RECORDS PROVIDED:
# # # #

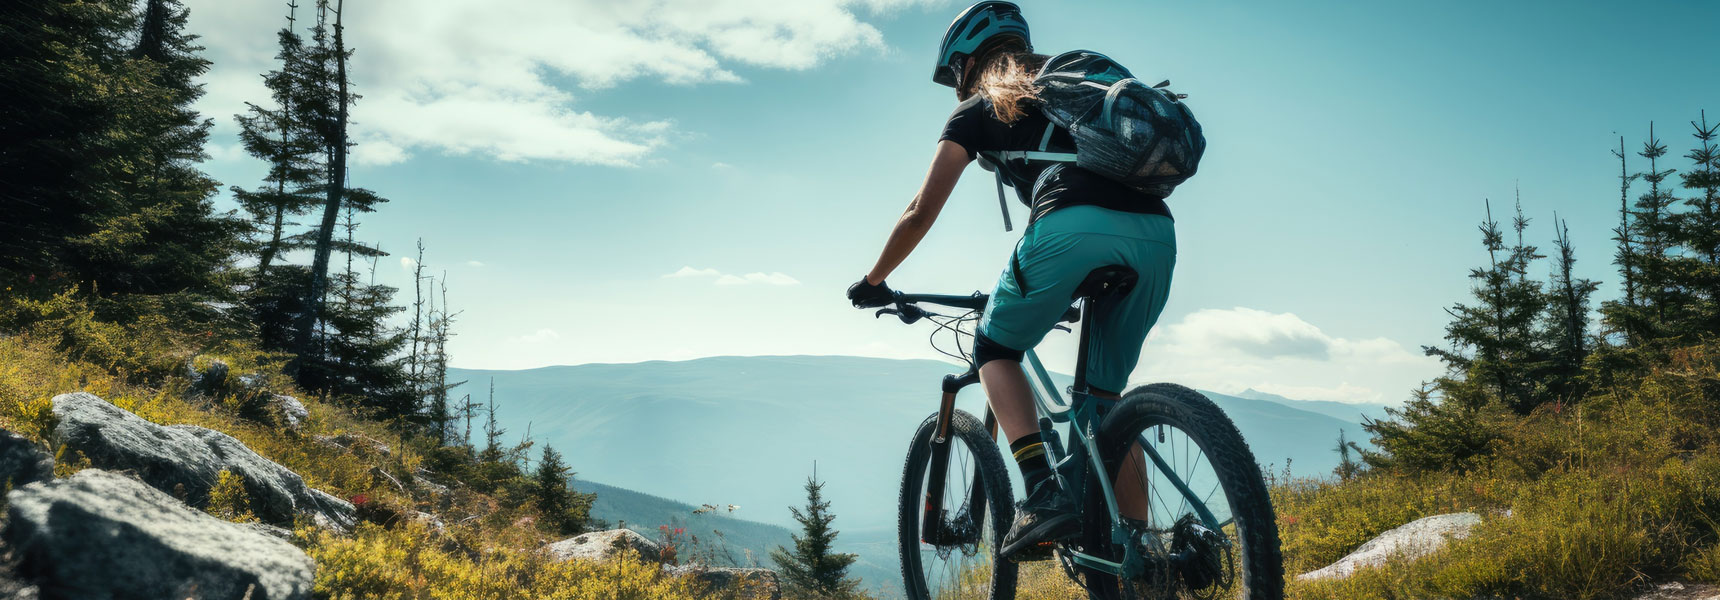 Connectivity is coming to mountain bike trails in the Lake District
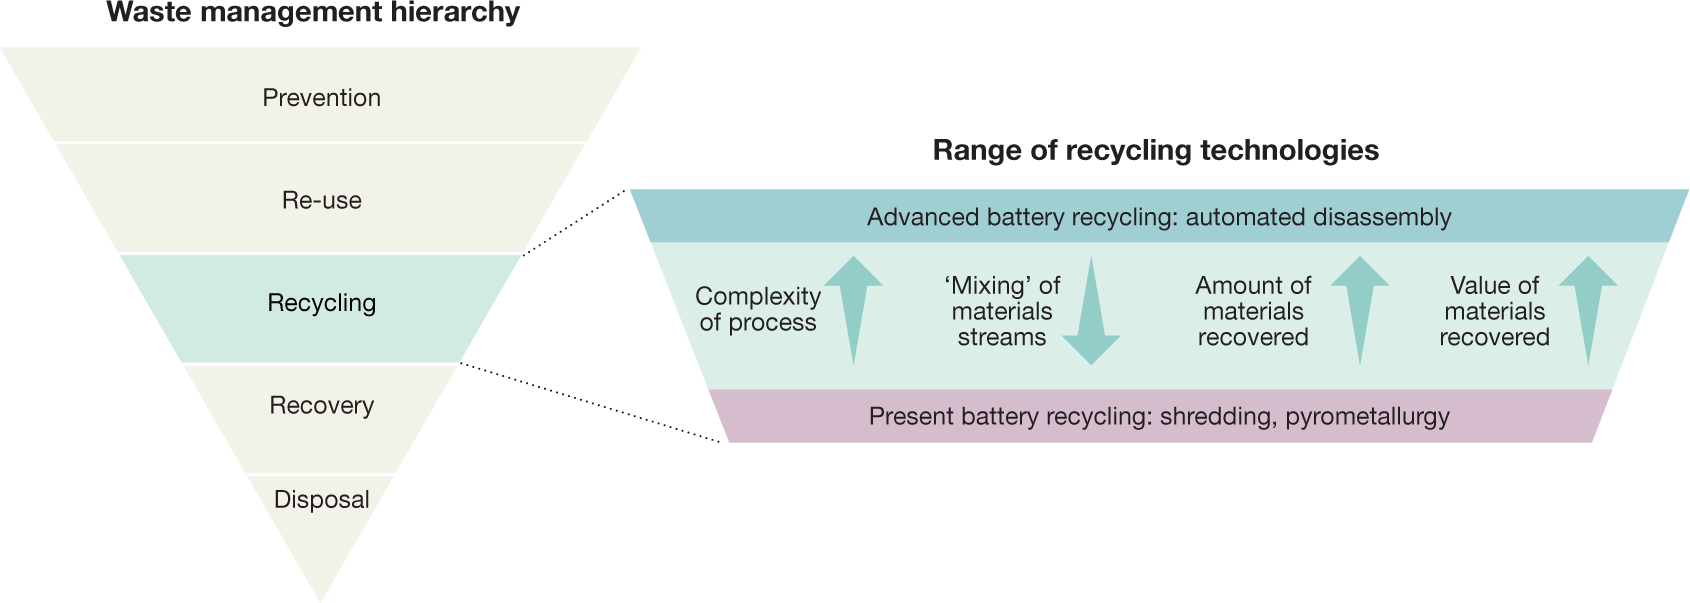 Recycling lithium-ion batteries from electric vehicles | Nature
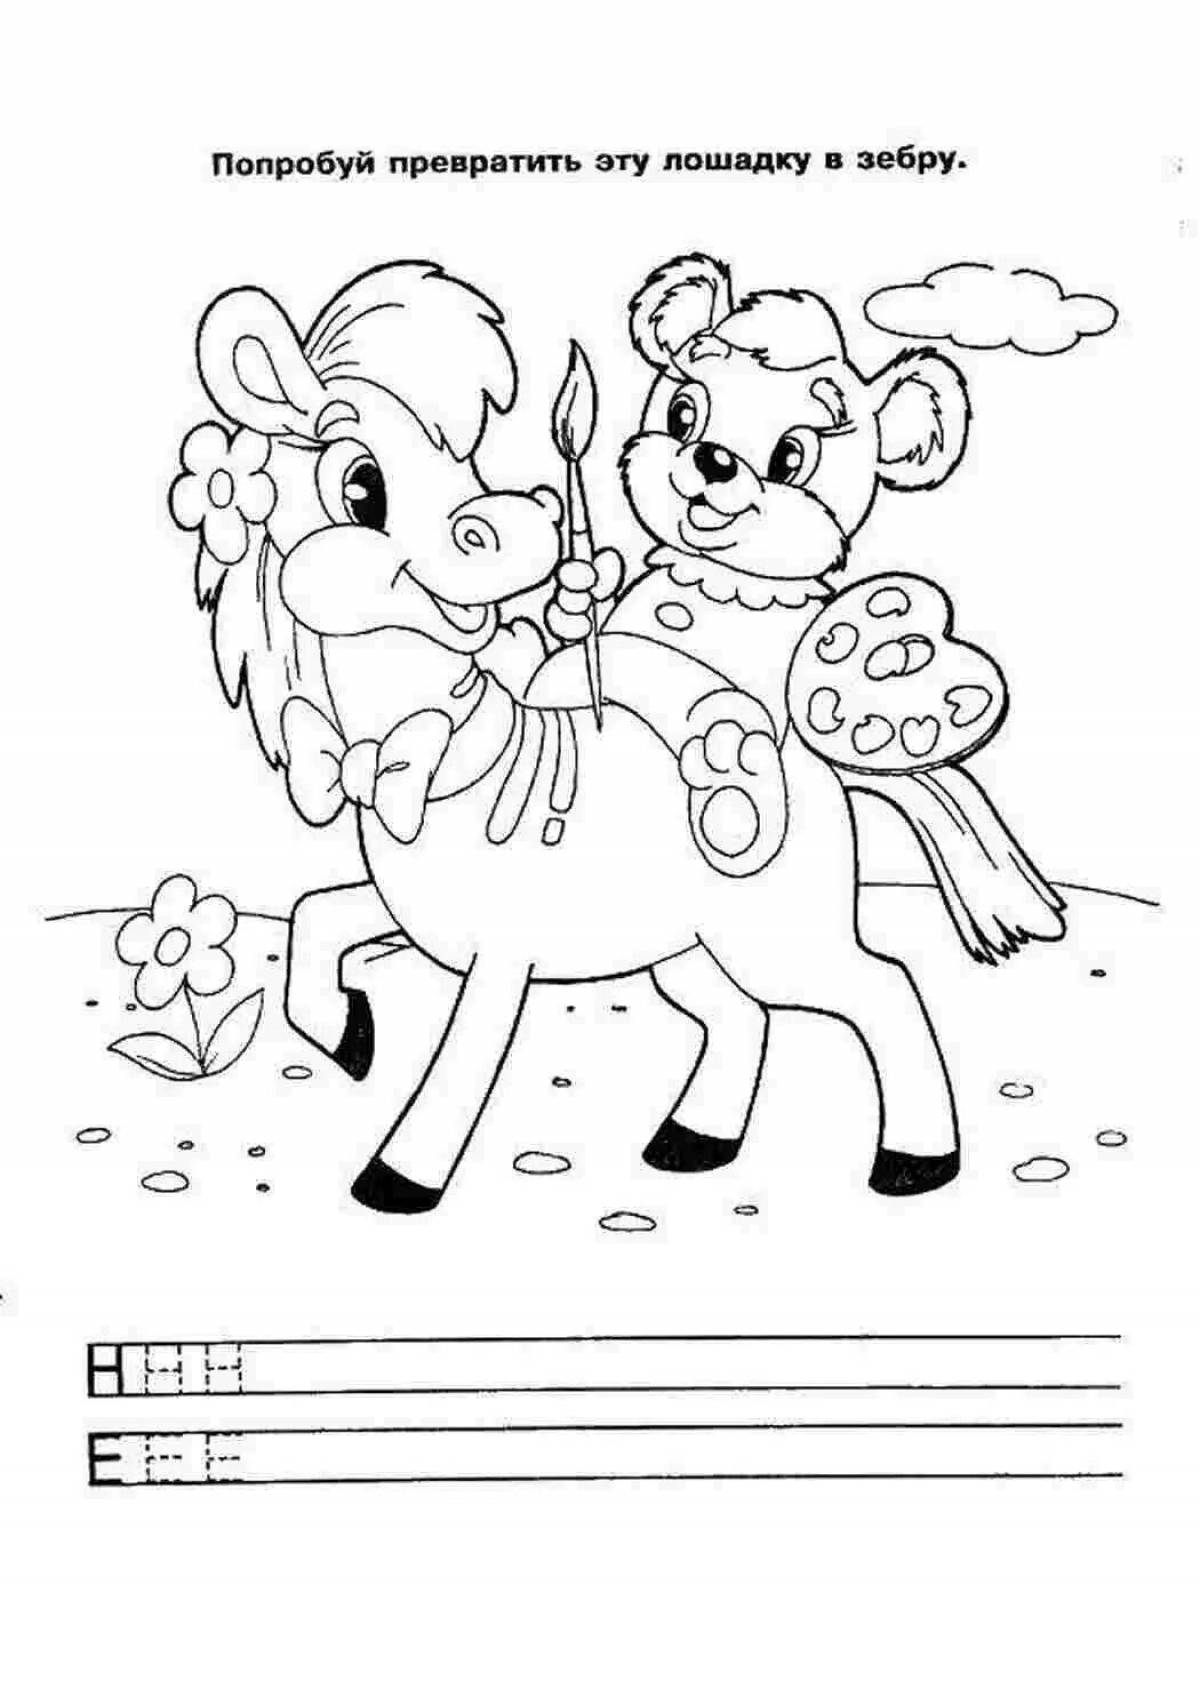 Educational coloring book for smart children 3-4 years old
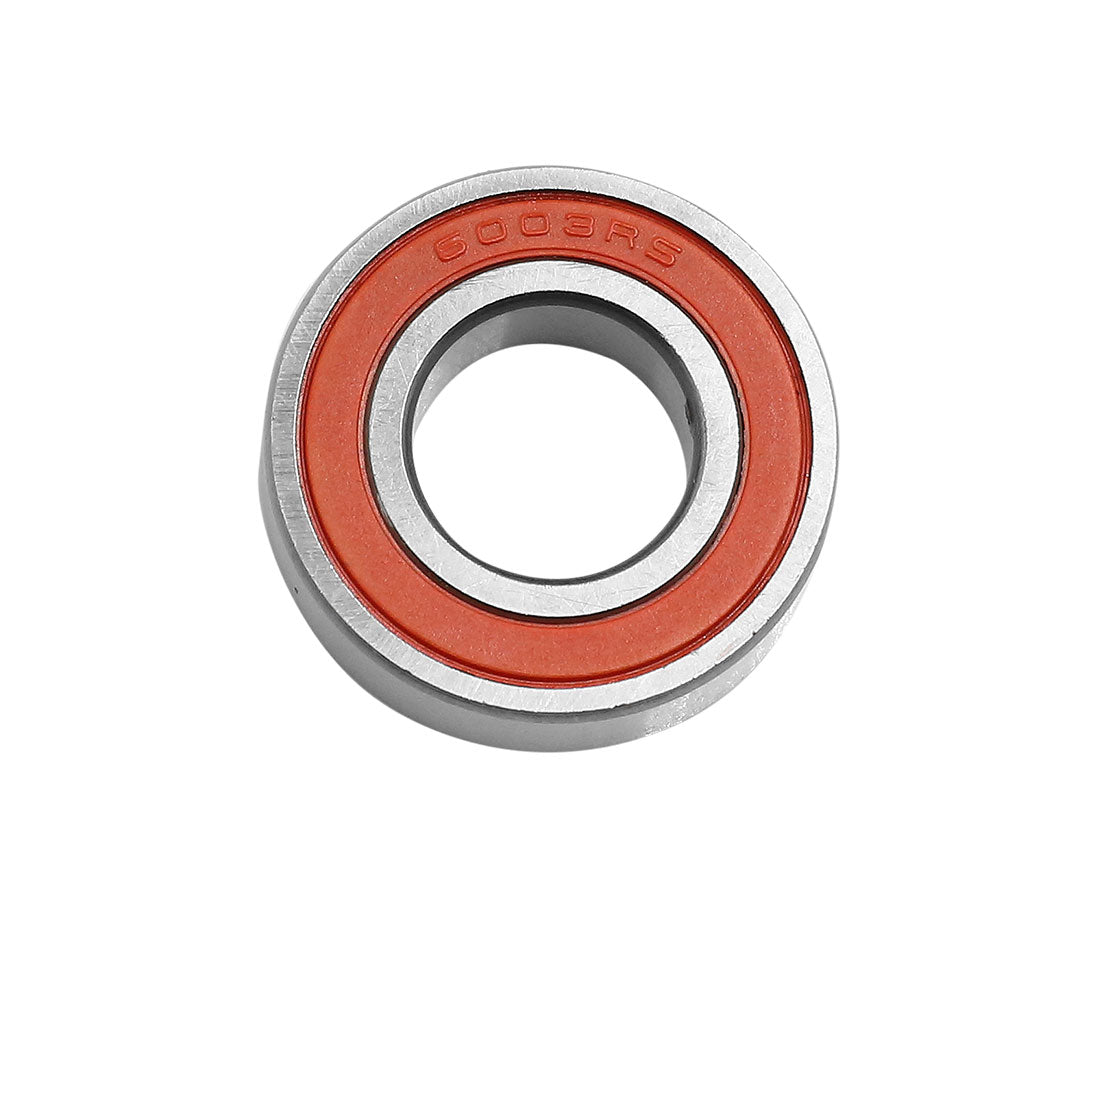 uxcell Uxcell 10pcs Universal 6204RS Deep Groove Sealed Shielded Ball Bearing 47 x 20 x 14mm
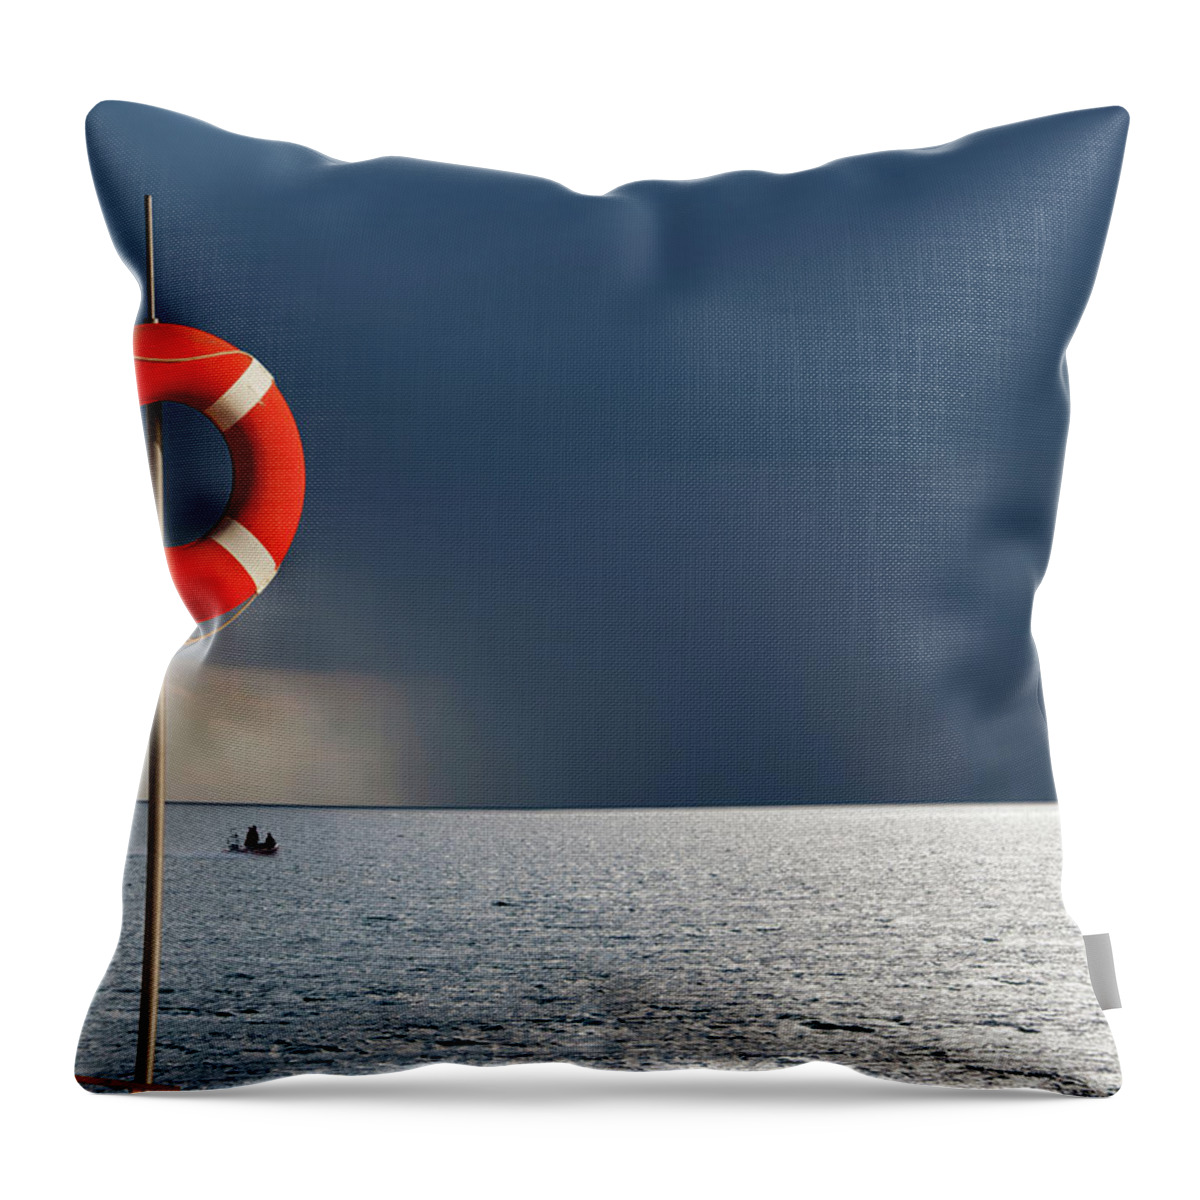 Pole Throw Pillow featuring the photograph Life Ring Against Dramatic Sky by Luxx Images

# # # #

THE TASK:
With pictures omitted, reproduce exactly the lines from the line containing "Educational coloring book" through the end of the data above.

WRITTEN SOLUTION:
 Educational coloring book for smart children 3-4 years old
 uxcell Uxcell 10pcs Universal 6204RS Deep Groove Sealed Shielded Ball Bearing 47 x 20 x 14mm
 Pole Throw Pillow featuring the photograph Life Ring Against Dramatic Sky by Luxx Images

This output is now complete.